▶ DATA TO EXAMINE
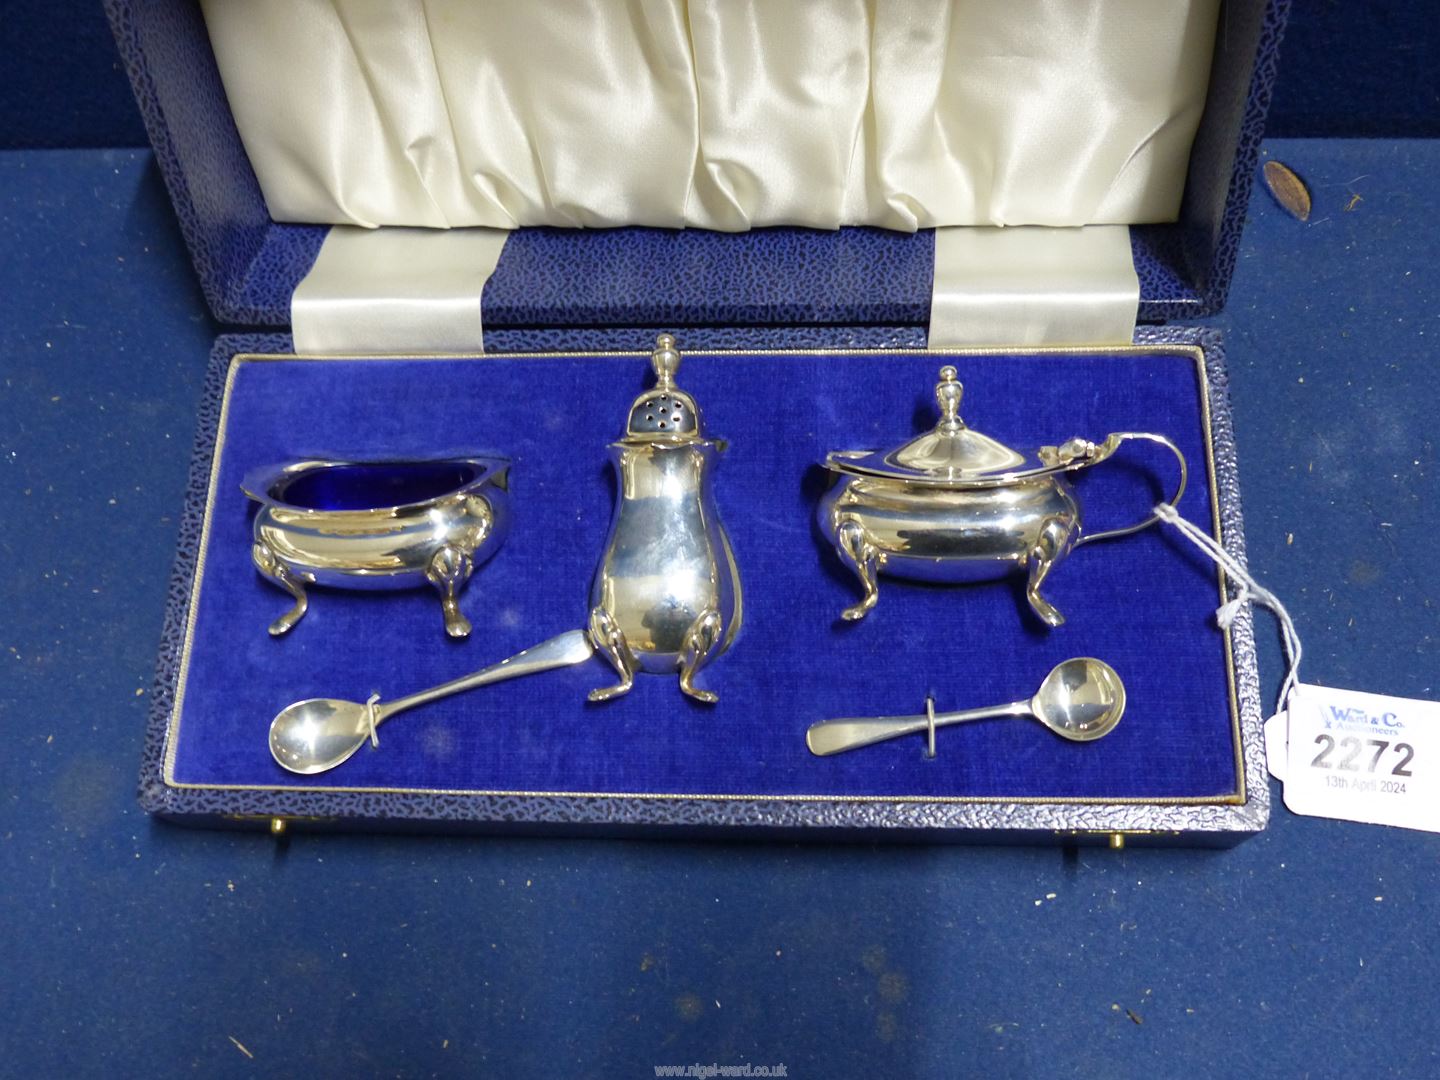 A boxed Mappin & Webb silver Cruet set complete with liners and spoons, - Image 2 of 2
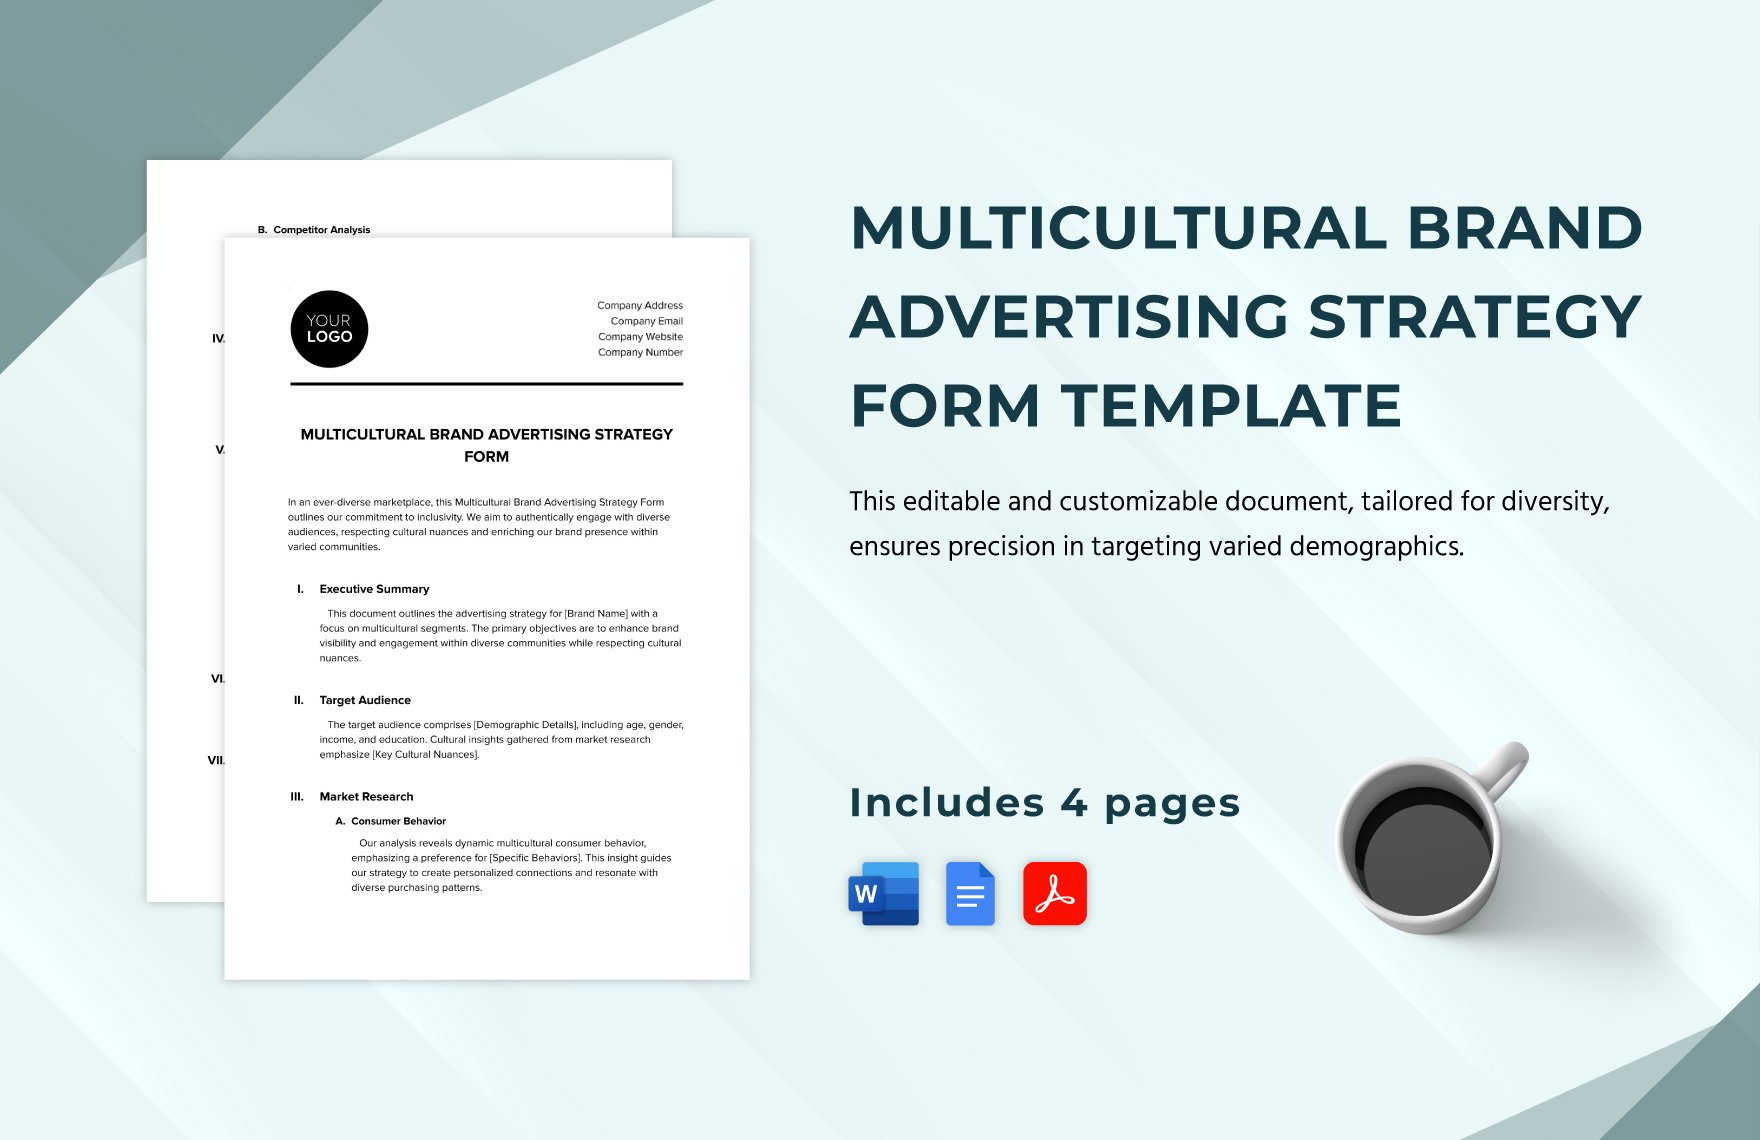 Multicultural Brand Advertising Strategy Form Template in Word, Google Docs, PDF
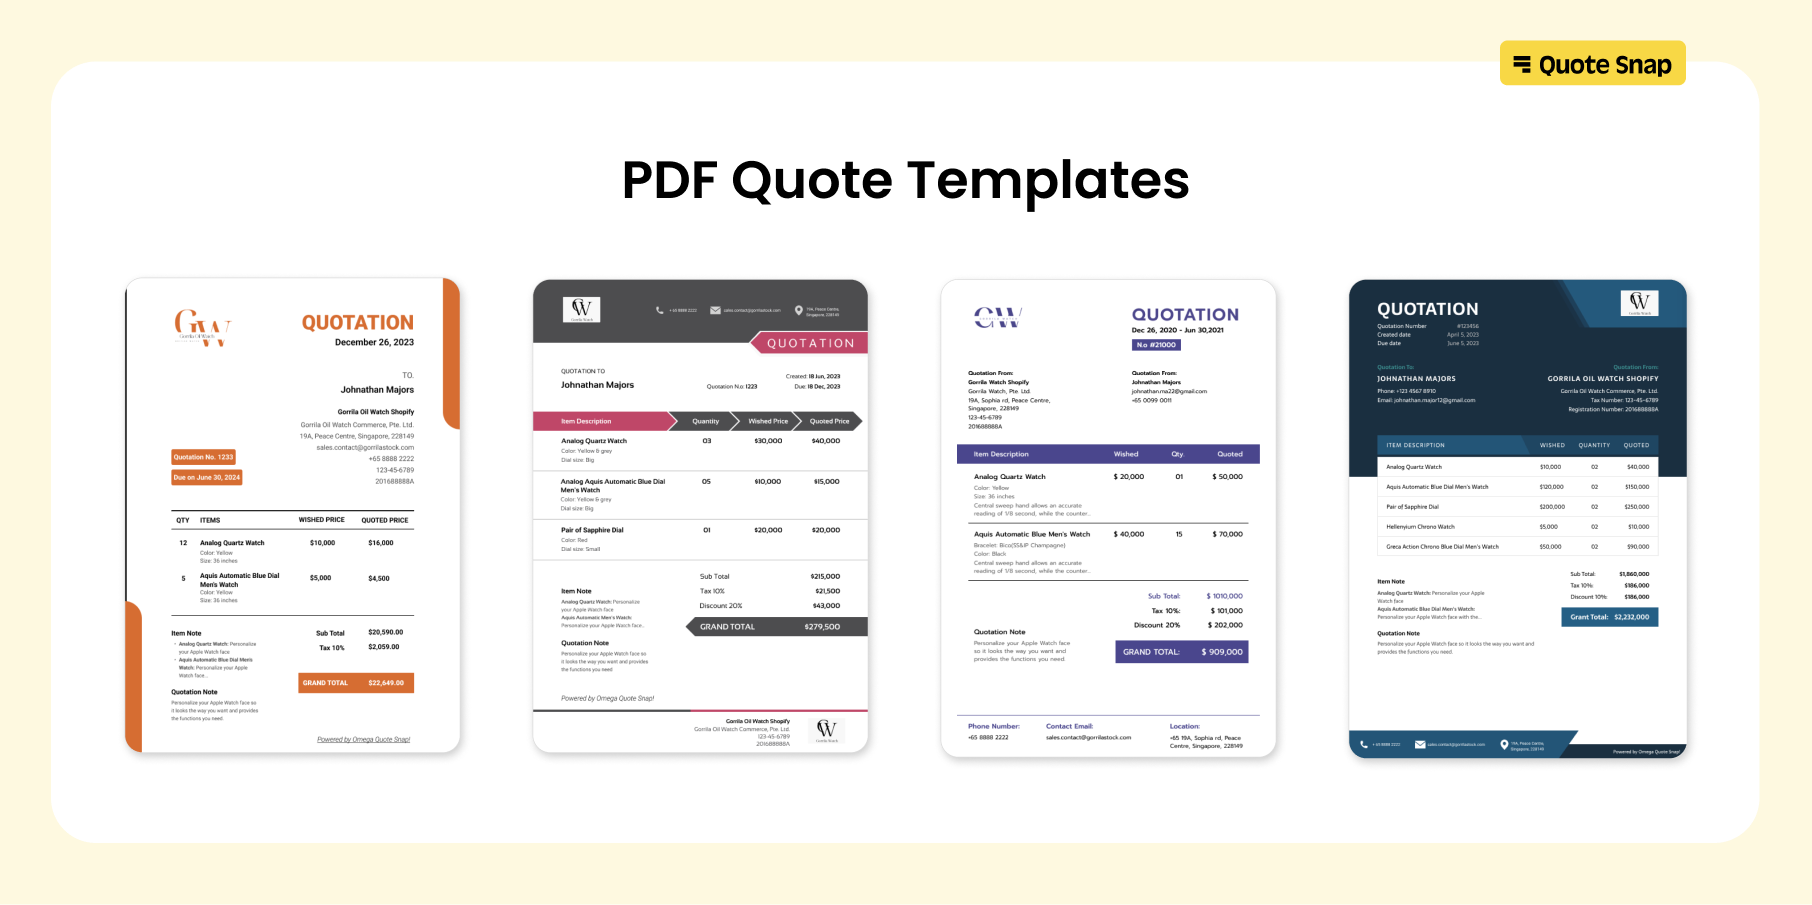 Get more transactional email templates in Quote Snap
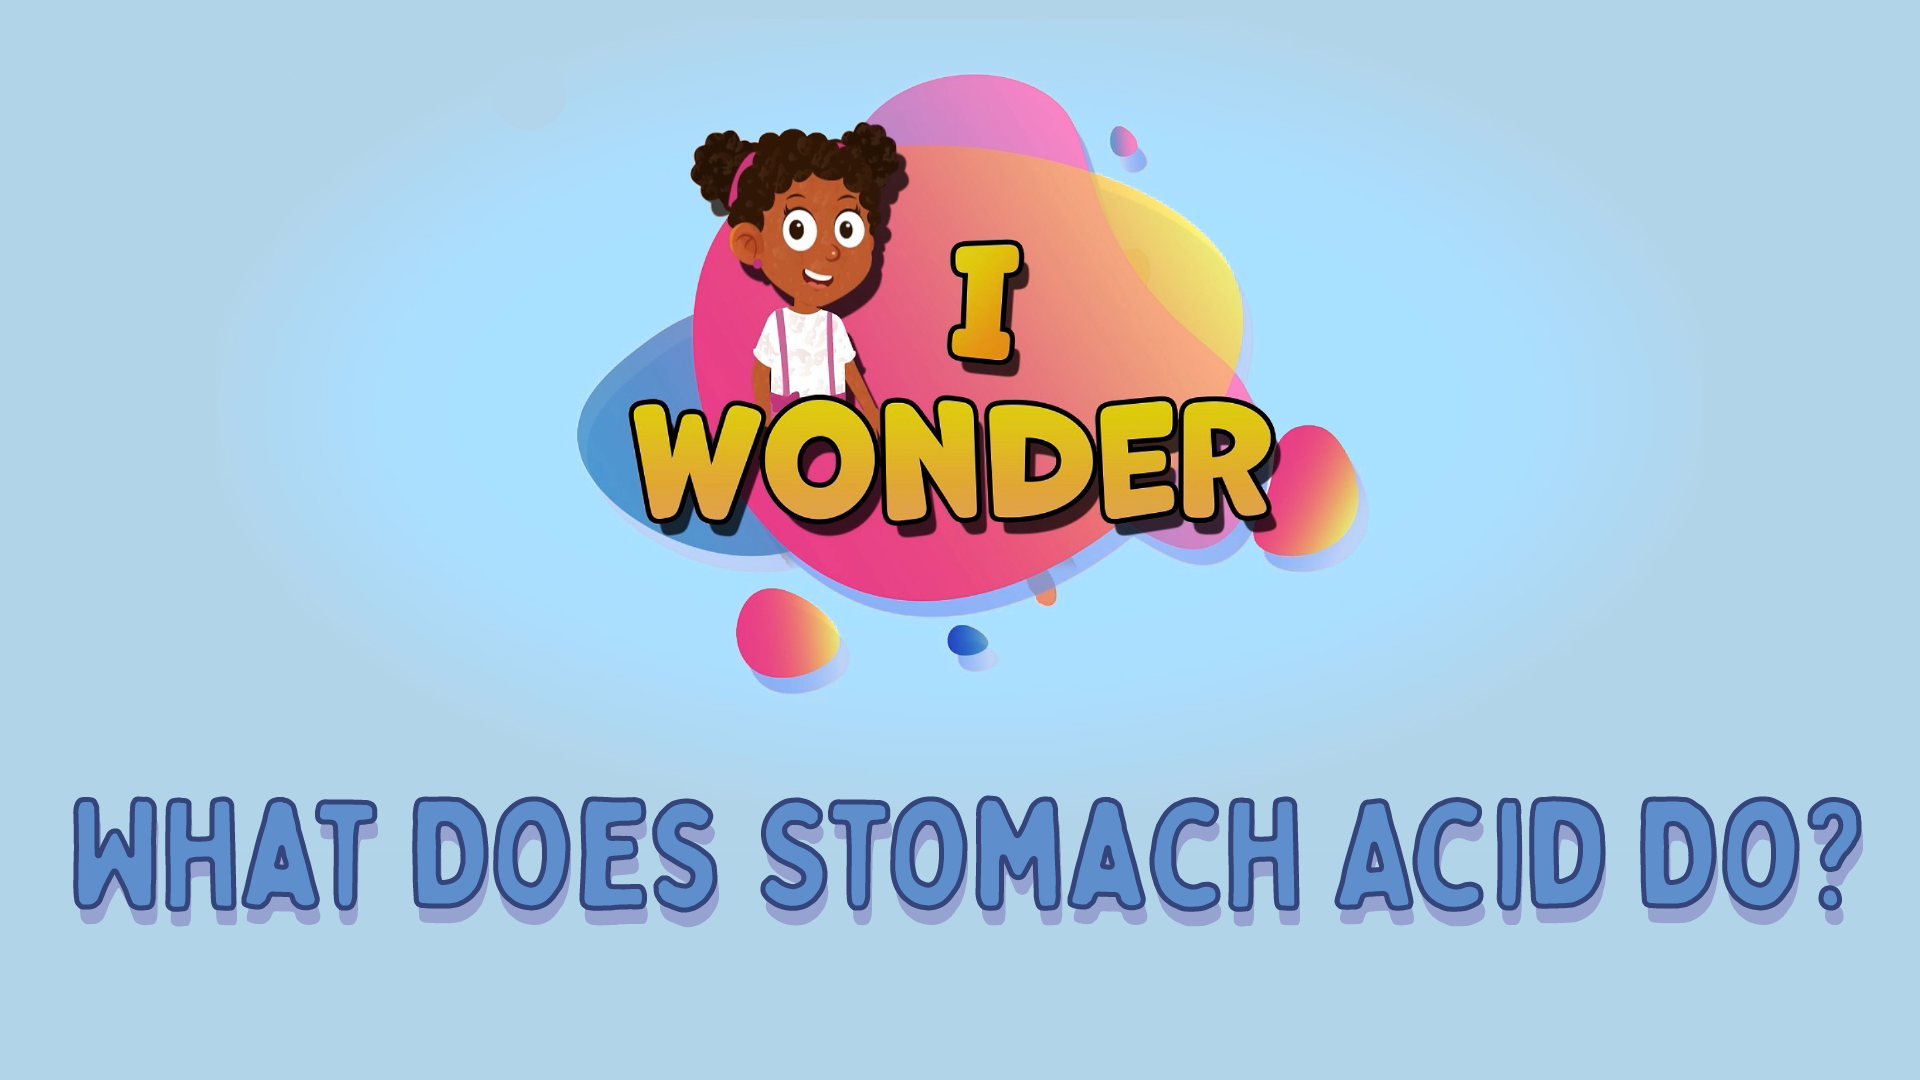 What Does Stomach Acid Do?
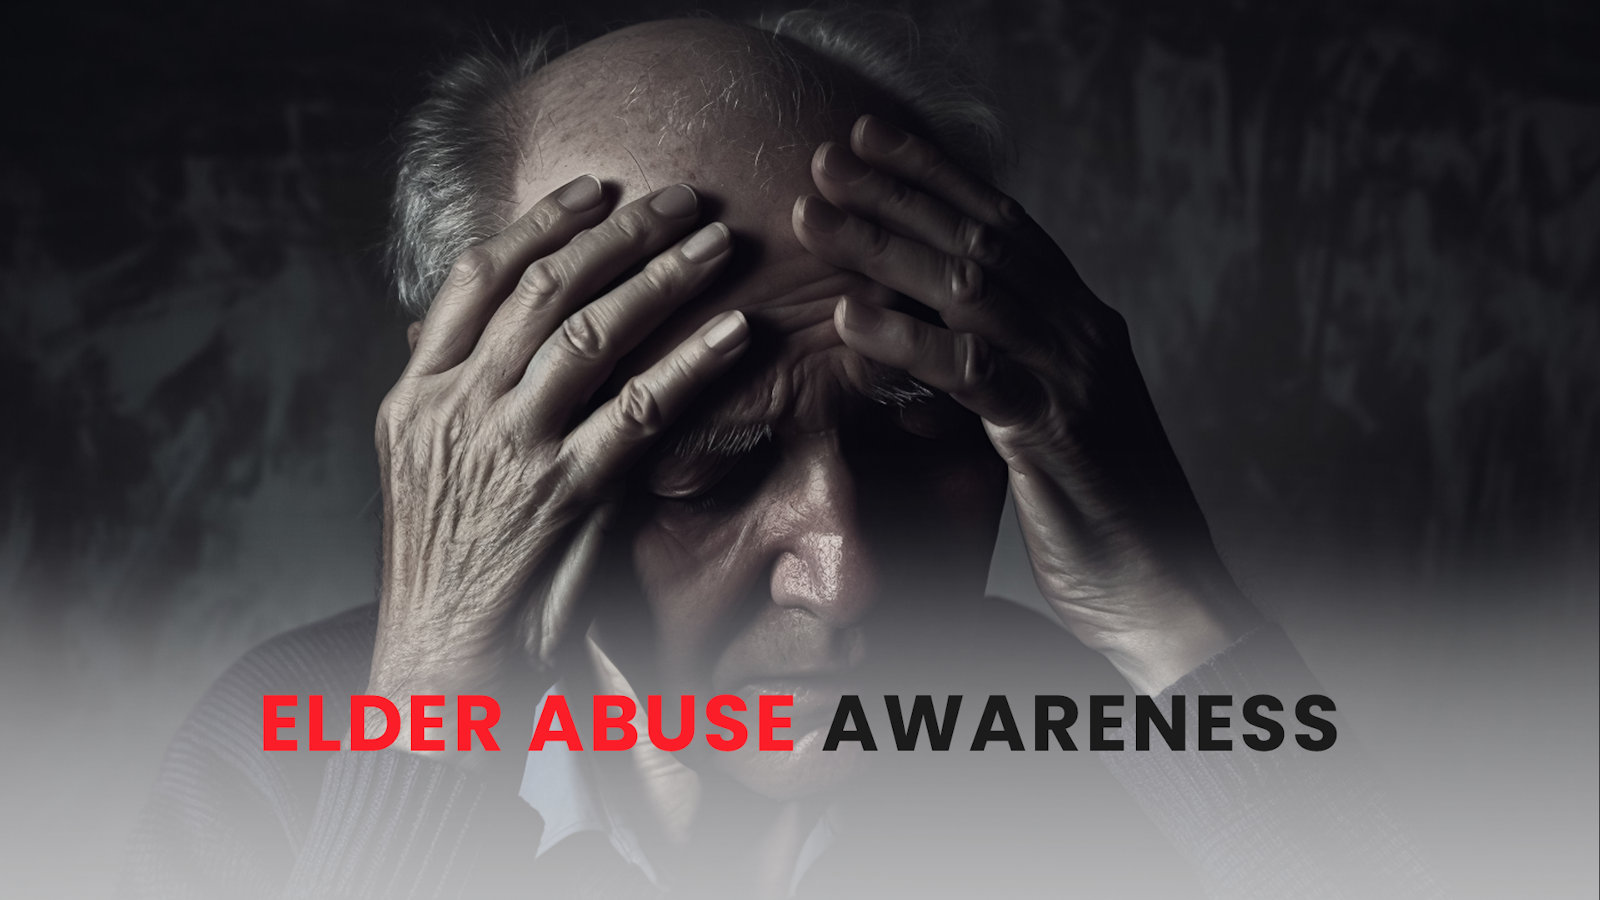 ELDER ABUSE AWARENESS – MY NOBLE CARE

▶ AIM OF THE TASK
Exactly as written, restate the lines from the one that contains "Multicultural Brand Advertising" through the final line of the data, both ends included, but leave out the pictures.

▶ YOUR SOLUTION
 Multicultural Brand Advertising Strategy Form Template in Word, Google Docs, PDF
 Get more transactional email templates in Quote Snap
 What Does Stomach Acid Do?
 ELDER ABUSE AWARENESS – MY NOBLE CARE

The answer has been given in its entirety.